Note 100% reversal is obviously not expected (since I'm only using 2 PCs), so a decent approximation is fine.
 A: Yes. Basically, what you did was to do:
$$\mathrm{PC}=\mathbf{V}X,$$
where $\mathrm{PC}$ are the principal components, $X$ is your matrix with the data (centered, and with data points in columns) and $\mathbf{V}$ is the matrix with the loadings (the matrix with the eigenvectors of the sample covariance matrix of $X$). Therefore, you can do:
$$\mathbf{V}^{-1}\cdot\mathrm{PC}=X,$$
but, because the matrix of loadings is orthonormal (they are eigenvectors!), then $\mathbf{V}^{-1}=\mathbf{V}^{T}$, so:
$$\mathbf{V}^T\cdot\mathrm{PC}=X.$$
Note that this gives you exactly the same equation you cite for the recovery of the PCs, but now for the data, and you can retain as many PCS as you like.
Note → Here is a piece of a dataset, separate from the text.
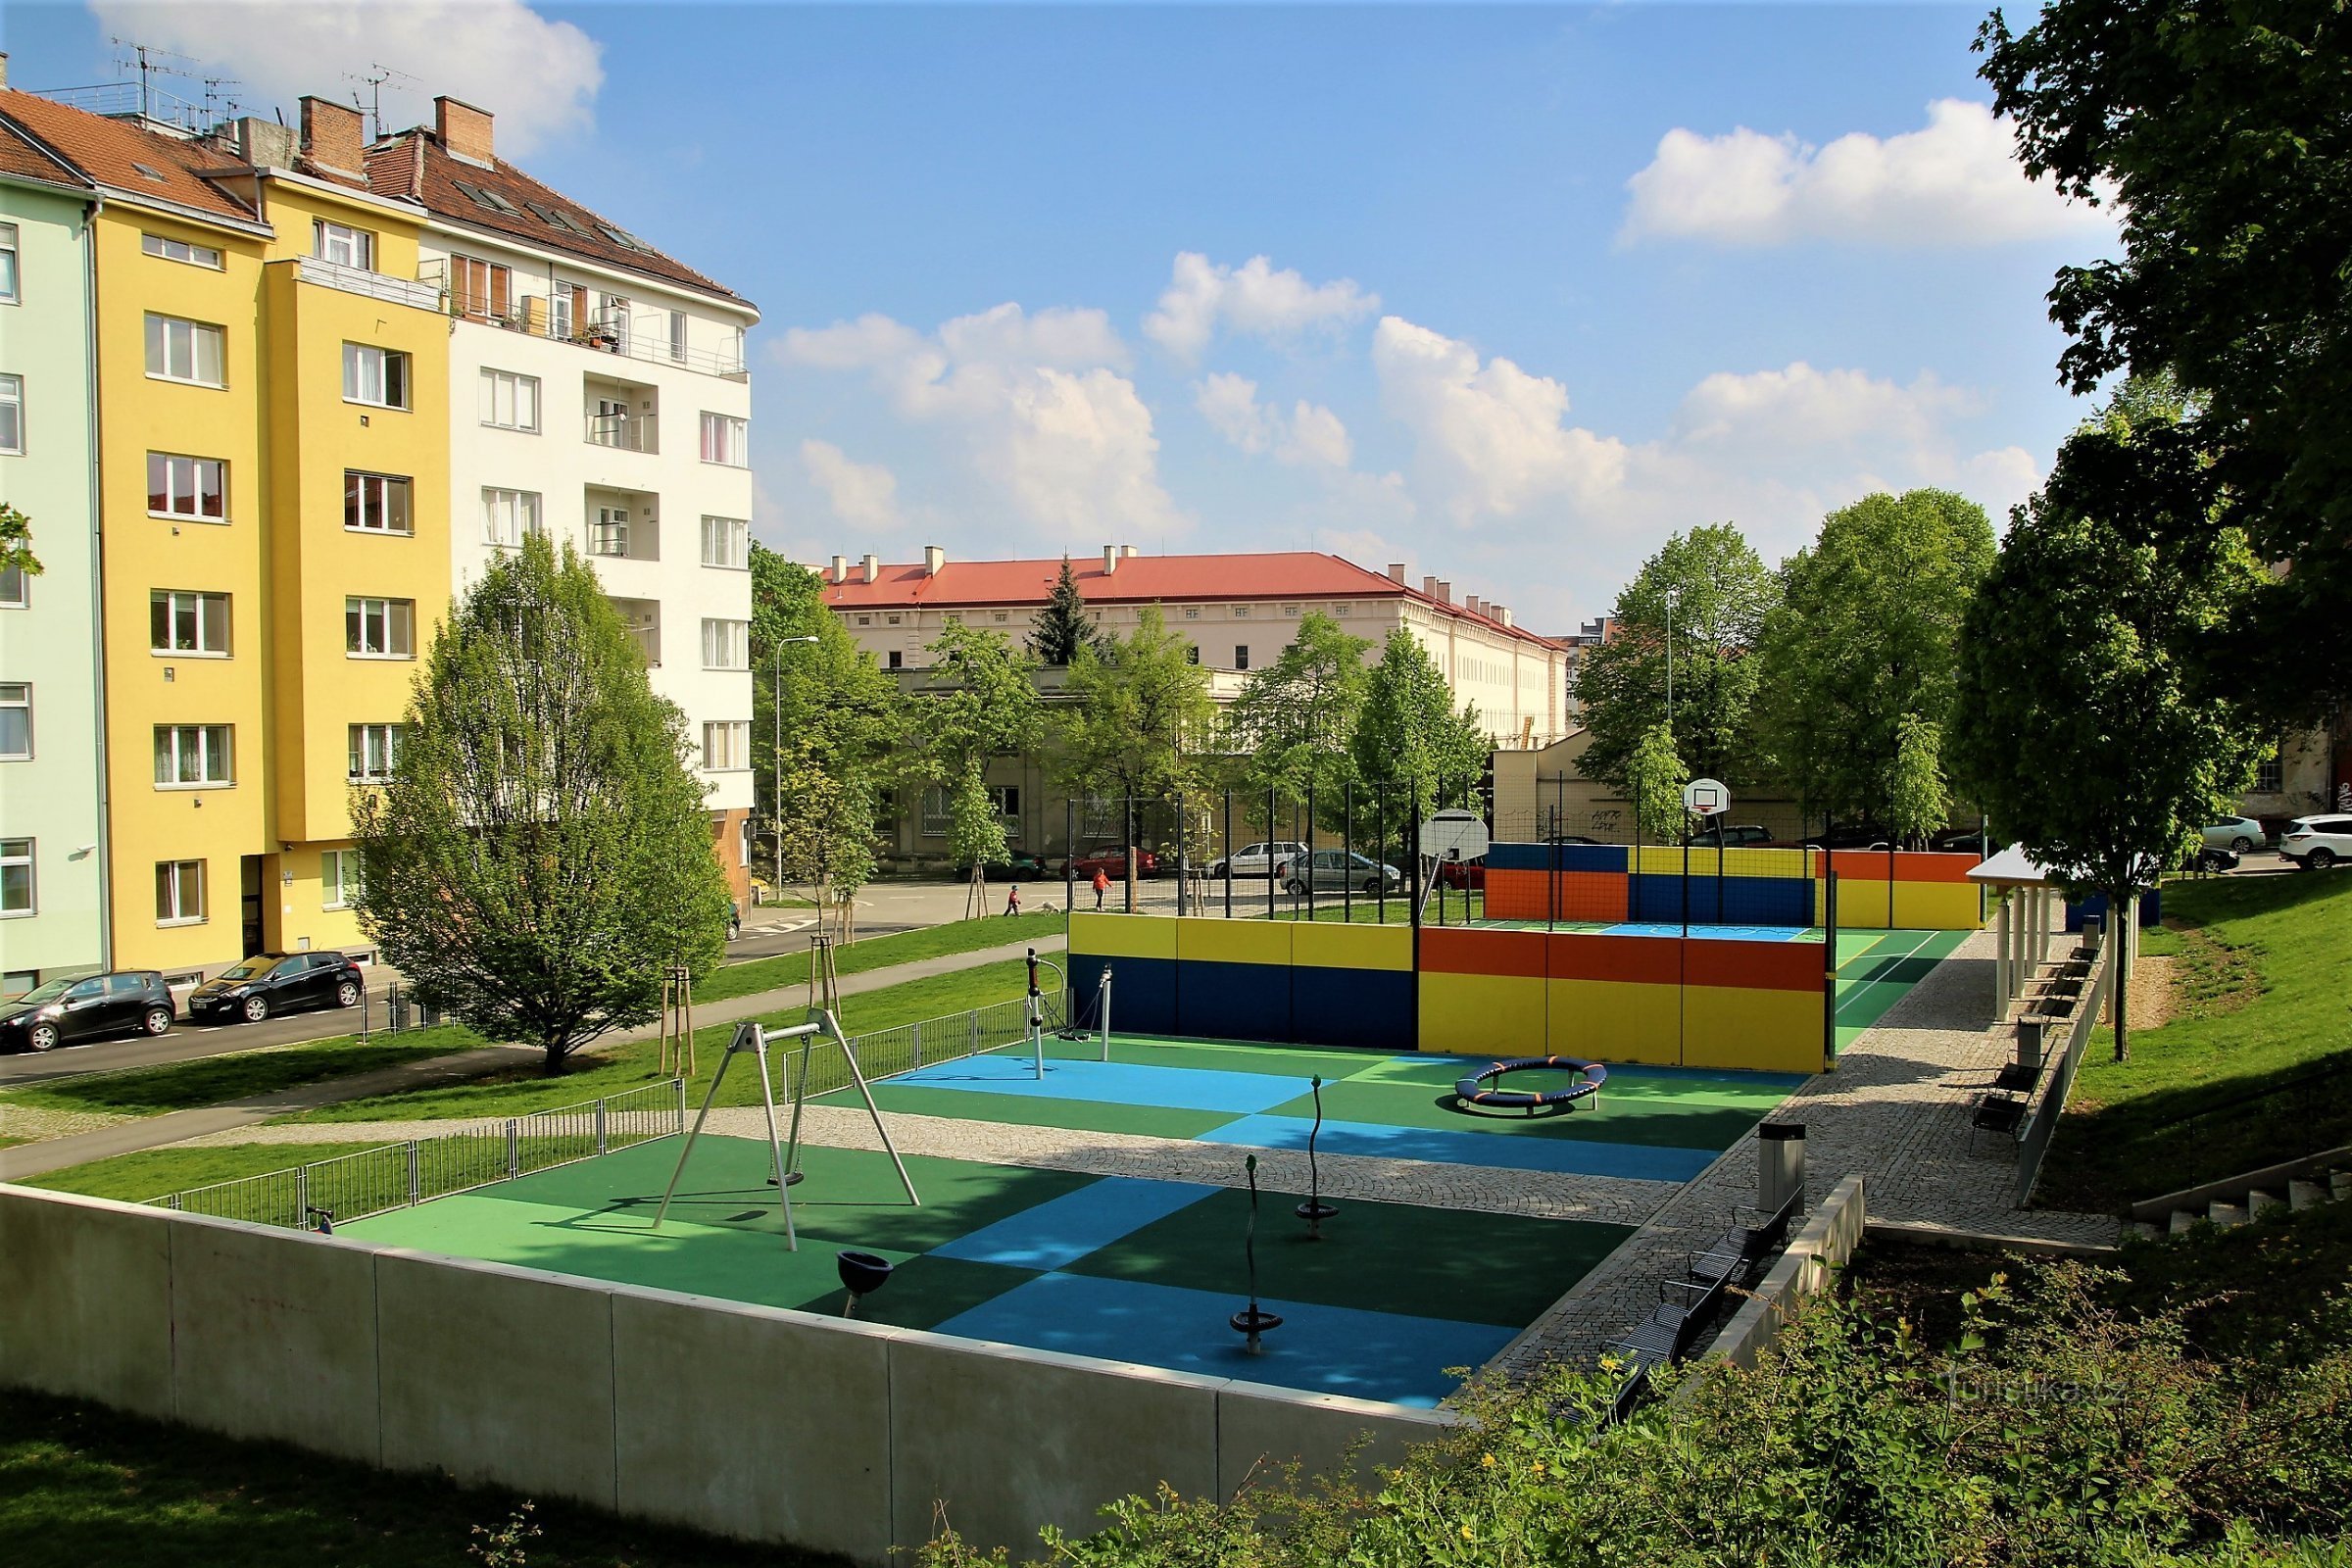 Brno - sports and recreation area on Kartouzské street

A: I have a doubt about the above answers. Since after dimension reduction, we only know 2 principal components, and the rest principal components are abandoned. The projection matrix V is not a square matrix (not completely orthonormal, it is a semi-orthogonal matrix). Suppose n is the number of samples and m is the number of variables. $X$ is a $m$-by-$n$ matrix, $V$ is a 2-by-m matrix (whose rows are the top 2 eigenvectors of the covariance matrix of $X$), PC is a 2-by-n matrix. Then we have PC = VX. Then $VV^T$ is an identity matrix, but $V^TV$ is not. Thus $V^TPC=V^TVX$ cannot give us the exact original matrix $X$, since $V^TV$ is not an identity matrix.